After Jacob Zuma, Cyril Ramaphosa is Next South Africa’s President – See Bio

After Jacob Zuma, Cyril Ramaphosa is Next South Africa’s President – See Bio

On Wednesday 14th February 2018, Mr Zuma bowed to the inevitable and resigned “with immediate effect”.

Matamela Cyril Ramaphosa is a South African politician. He is currently Acting President of South Africa, as a result of the resignation of Jacob Zuma and is expected to become the fifth President of South Africa pending a vote of Parliament.

Jacob Zuma said during a televised address to the South African nation, “I resign as president of the republic with immediate effect,” he said, “even though I disagree with the decision of the leadership of my organization … I have always been a disciplined member of the organization.” He added: “As I leave, I will continue to serve the people of South Africa as well as the ANC.”

Zuma, who had a little over a year to complete his tenure in office, was recalled earlier this week by the African National Congress (ANC). The ANC caucus on Wednesday had said it would vote him out in a vote of no confidence in Parliament on Thursday if he did not resign.

With Zuma’s departure, Deputy President and former tycoon Cyril Ramaphosa is expected to be sworn in as President Thursday.

The scandal-tainted leader made the announcement late Wednesday in a televised address to the nation.

Zuma says he has resigned despite his disagreement with the instruction of the ruling African National Congress party to leave office immediately.

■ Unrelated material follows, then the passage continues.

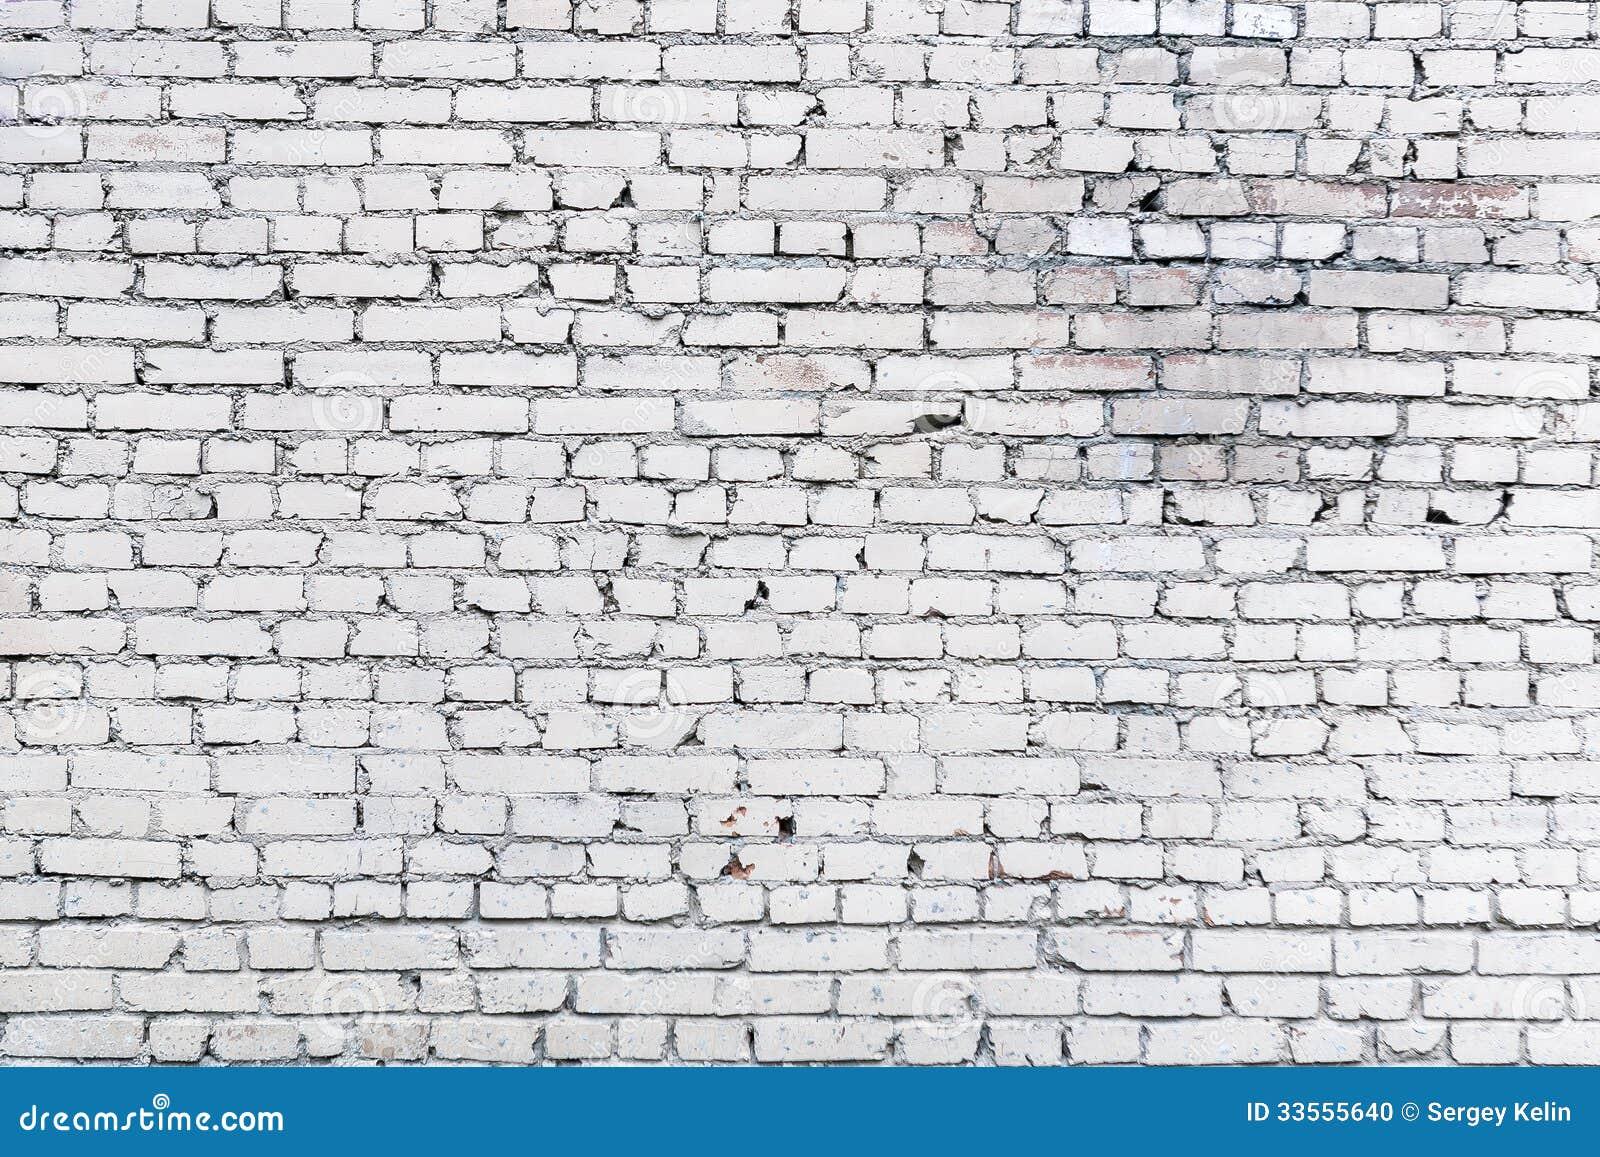 Fondo blanco de la pared de ladrillo foto de archivo - Pared ladrillo blanco ...

The ANC had been prepared to pursue a vote of no confidence in parliament on Thursday.

According to BBC, Jacob Zuma is the most colourful and controversial president South Africa has had since white-minority rule ended in 1994.

He has been a politician of nine lives, surviving a series of scandals which would have surely ended anyone else’s career.

He was facing his ninth vote of no-confidence in parliament before he left office.

For many years, it was unwise to write Mr Zuma off: His Zulu name, Gedleyihlekisa, means the one who smiles while grinding his enemies.


Cyril Ramaphosa and Jacob Zuma at ANC Party Convention(PHOTO:

Cyril Ramaphosa Background

He both served Zuma — tarred by accusations of corruption and incompetence — and also delivered occasional, cautious criticism of his former political master.

Born on 17 November 1952 in Soweto, Ramaphosa became involved with student activism while studying law in the 1970s.

He was arrested in 1974 and spent 11 months in solitary confinement.

After studying, he turned to trade unionism — one of the few legal ways of protesting against the white-minority regime.

When Mandela was released in 1990 after 27 years in prison for opposing apartheid, Ramaphosa was a key part of the task force that led the transition to democracy.

Ramaphosa rose to global prominence as the ANC’s lead negotiator, with his contribution seen as one factor in the success of the talks and the resulting peaceful democratic handover.

Ramaphosa has four children with his second wife Tshepo Motsepe, a doctor.

He was accused in 2017 of having affairs with several young women, which he denied.

Ramaphosa did admit to an extramarital affair but told local media that he had since disclosed the relationship to his wife.

Some saw the sudden revelations as a smear campaign by associates of Zuma who backed another candidate at the crunch party conference — his ex-wife Nkosazana Dlamini-Zuma.

The impact of the scandal was short-lived, and Ramaphosa based his campaign on his pledge to rebuild the country’s economy, boost growth and create much-needed jobs.

If he becomes president by the end of the week as the ANC has indicated is possible, his opportunity to try to transform the country will finally have arrived.

“Ramaphosa has no association with any of the corruption scandals that have plagued South Africa,” wrote his biographer Ray Hartley in “The Man Who Would Be King”.

“But the years he spent at Zuma’s side, playing the ‘inside game’ suggest he is more comfortable as a powerful insider than as a radical reformer.”